Show a real, smooth function of Hermitian operator is Hermitian

1. Apr 9, 2013

Ikaros

1. The problem statement, all variables and given/known data

If B is Hermitian, show that BN and the real, smooth function f(B) is as well.

2. Relevant equations

The operator B is Hermitian if $\int { { f }^{ * }(x)Bg(x)dx= } { \left[ \int { { g }^{ * }(x)Bf(x) } \right] }^{ * }$

3. The attempt at a solution

Below is my complete solution. I'm hoping someone can review and let me know if it is okay.

Given the operator B, we can define the operator BN as B$\cdot$B$\cdot$B$\cdot$...BN. Using this, we can show:

$\int { { f }^{ * }(x){ B }^{ N }g(x)dx= } \\ \int { { f }^{ * }(x){ B }BB...{ B }_{ N }g(x)dx= } \\ { \left[ \int { { g }^{ * }(x){ B }BB...{ B }_{ N }f(x) } \right] }^{ * }=\\ \int { { g }(x){ { B }^{ * } }{ B }^{ * }{ B }^{ * }...{ B }^{ * }_{ N }{ f }^{ * }(x) } =\\ \int { { g }(x){ B }^{ { N }^{ * } }{ f }^{ * }(x) } \\$

Therefore, BN is also Hermitian.

Given the operator B, we can define the smooth function f(B) by a Taylor series expansion:

f(B)=$\sum _{ N=0 }^{ \infty }{ \frac { 1 }{ N! } \frac { { \partial }^{ N }f }{ \partial { B }^{ N } } } { B }^{ N }$

Since B0 = 1 and $\frac { { \partial }^{ N }f }{ \partial { B }^{ N } }$ can be treated as scalar derivatives of a normal function (a number) and BN was shown to be Hermitian, we're left with a scalar multiplied by a Hermitian, which is itself Hermitian.

2. Apr 16, 2013

Ikaros

I've sought assistance from others regarding the above, and everyone believes it's okay . However, I'd love some feedback in this thread on my approach.

3. Apr 16, 2013

Dick

I would say exactly the same thing. If B is hermitian then B^N is hermitian. If B^N is hermitian then any power series in B is also hermitian. Do you see any flaw in that?

4. Apr 17, 2013

Ikaros

Hi Dick and thanks for your reply. I don't see any flaw in the reasoning, but I'm hoping my solution above conveys this clearly.

5. Apr 17, 2013

Dick

It's clear enough to me. But I do think the notation is a little ugly. And are you clear on what something like $B^*$ means? Using bra-ket notation would make this a lot nicer.

6. Apr 17, 2013

micromass

Staff Emeritus
What does the notation $\frac{\partial^N f}{\partial B^N}$ mean? I don't think I've ever encountered that...

7. Apr 18, 2013

Ikaros

Thanks Dick. I should be practicing my Dirac notation more...
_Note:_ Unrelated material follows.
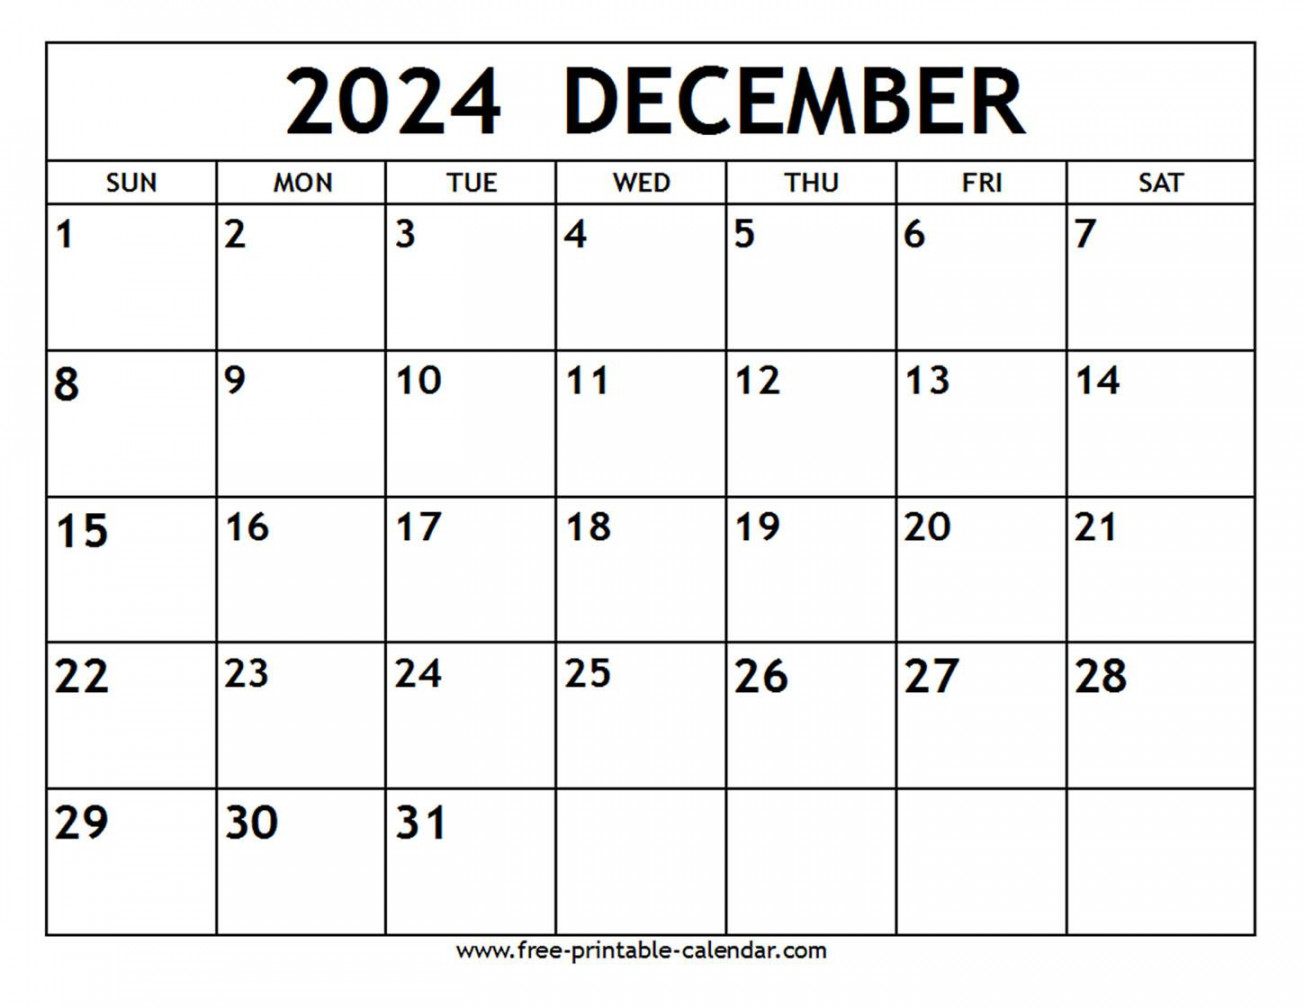 December  Calendar - Free-printable-calendar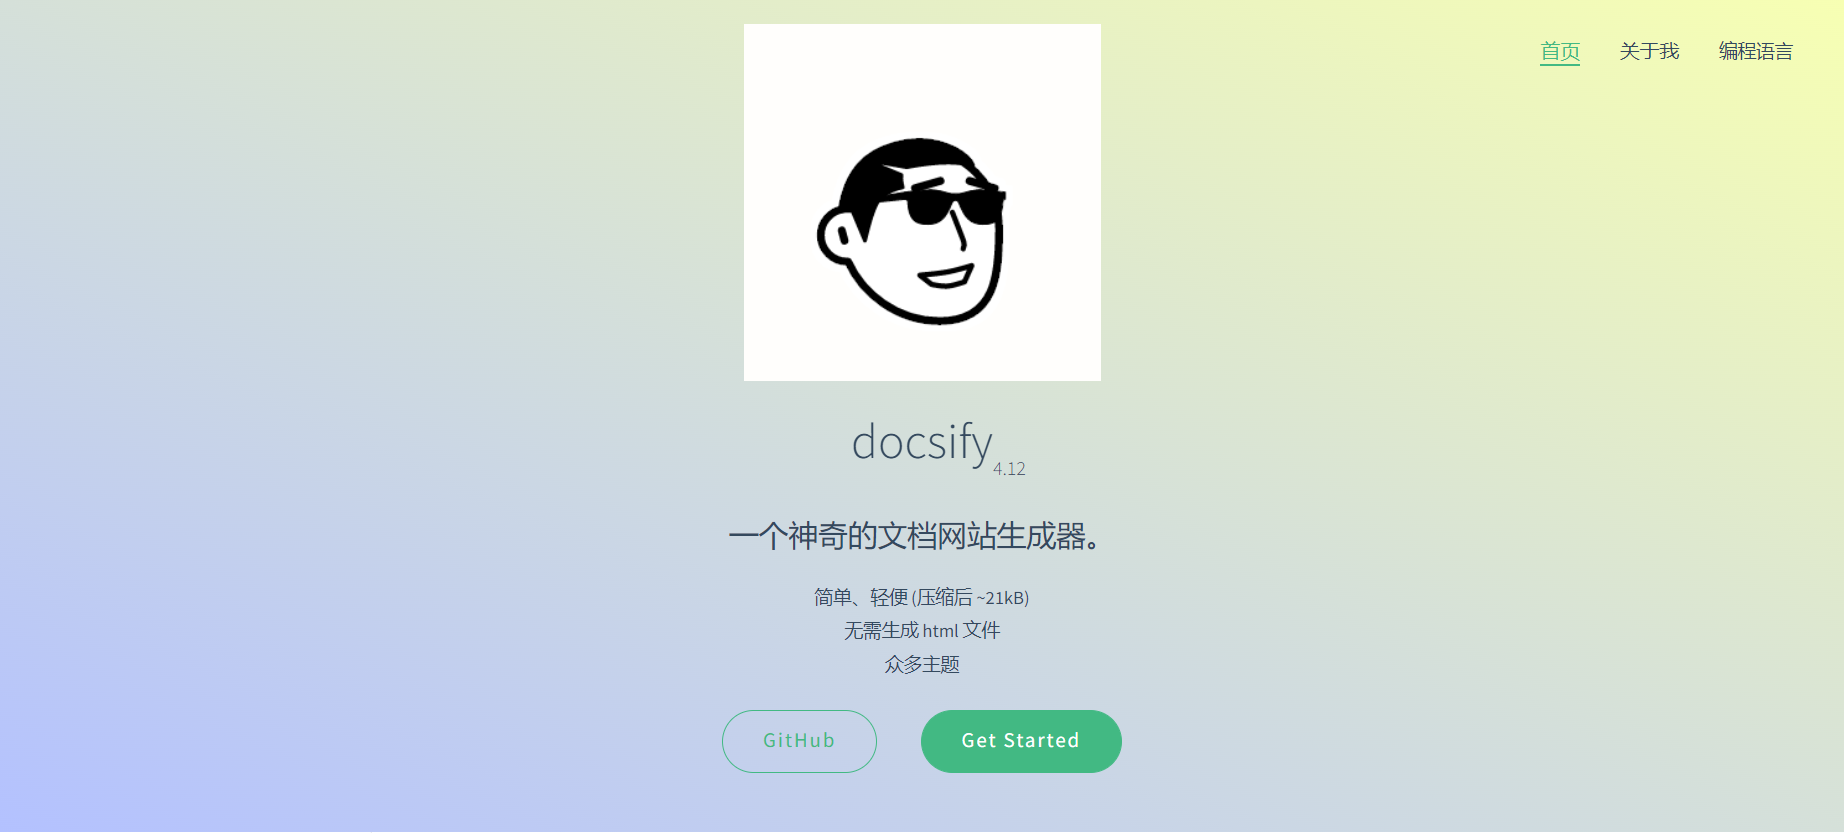 docsify_5_

$\left< { f }|{ \hat { B } }|{ g } \right> ={ \left< { g }|{ \hat { B } }|{ f } \right> }^{ * }$

As for $B^*$, it is the Hermitian conjugate. In this case, I probably should be using the dagger notation ${ B }^{ \dagger }$.
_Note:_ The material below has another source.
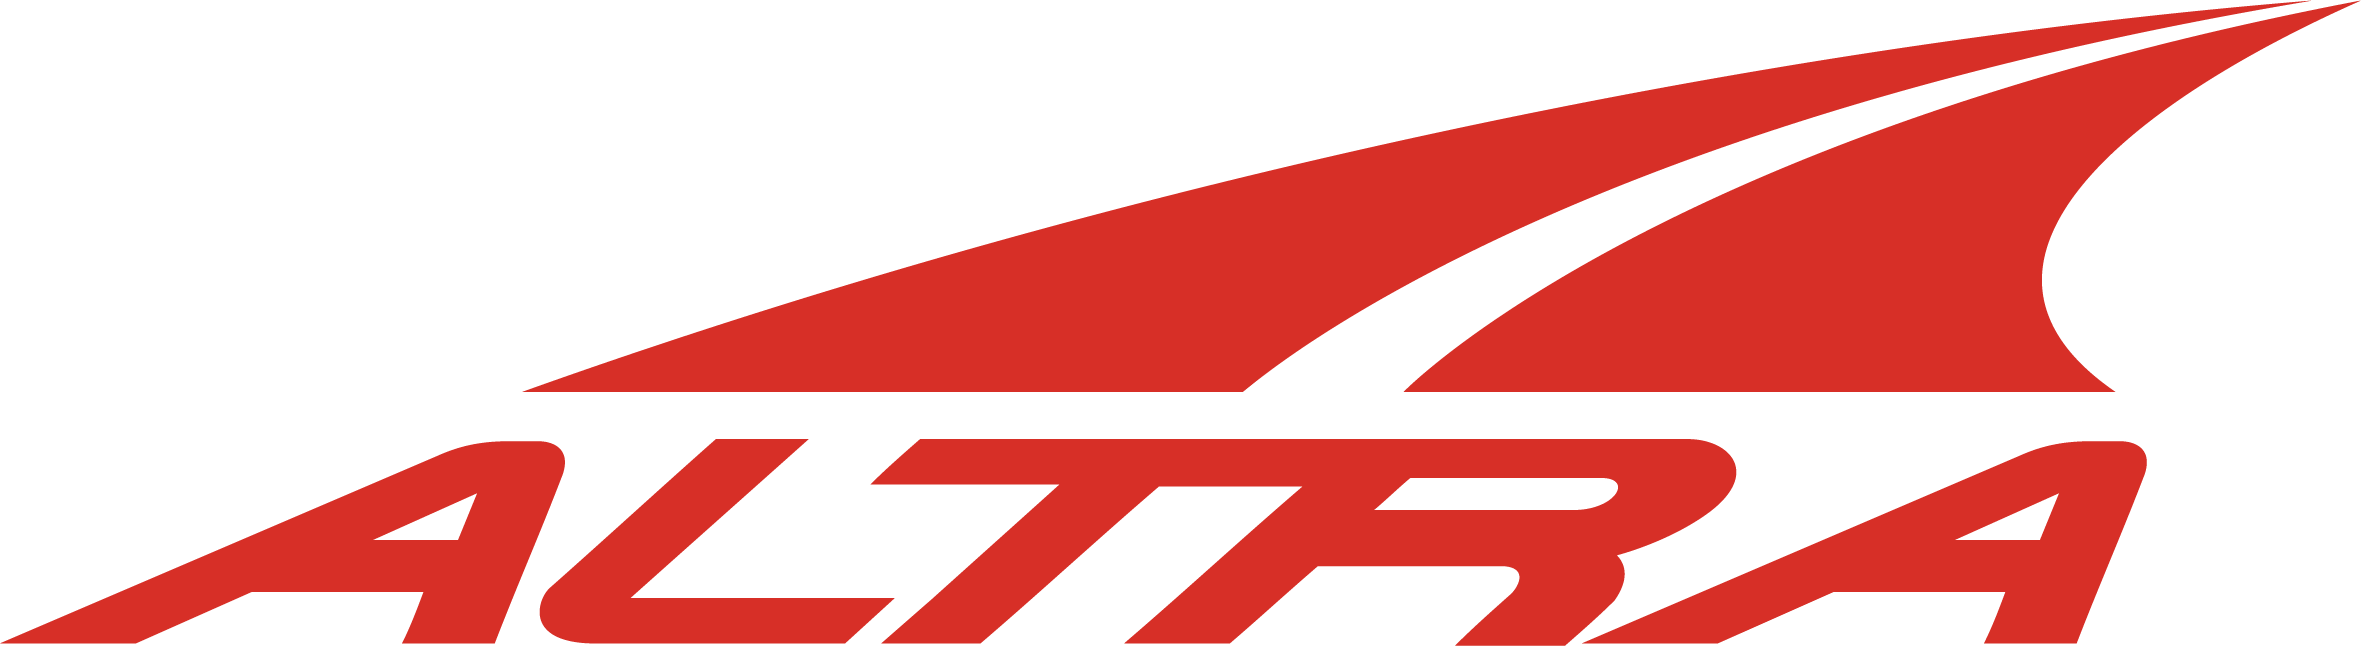 Altra_logo

I may have been a bit lazy with the notation there because my cut and paste from LaTex didn't work. I'll cut and paste the image.

I've been shown that a function of an operator f(A) can be defined by a Taylor series expansion:

where is a scalar calculated in the same way as the derivative of a normal function.

8. Apr 18, 2013

Dick

Sure. So Hermitian means $<f|Bg>=<Bf|g>$ for any f and g. That makes it 'almost' obvious that $<f|B^ng>=<B^nf|g>$. If it's not sufficiently obvious, it's easy to formalize the proof with induction.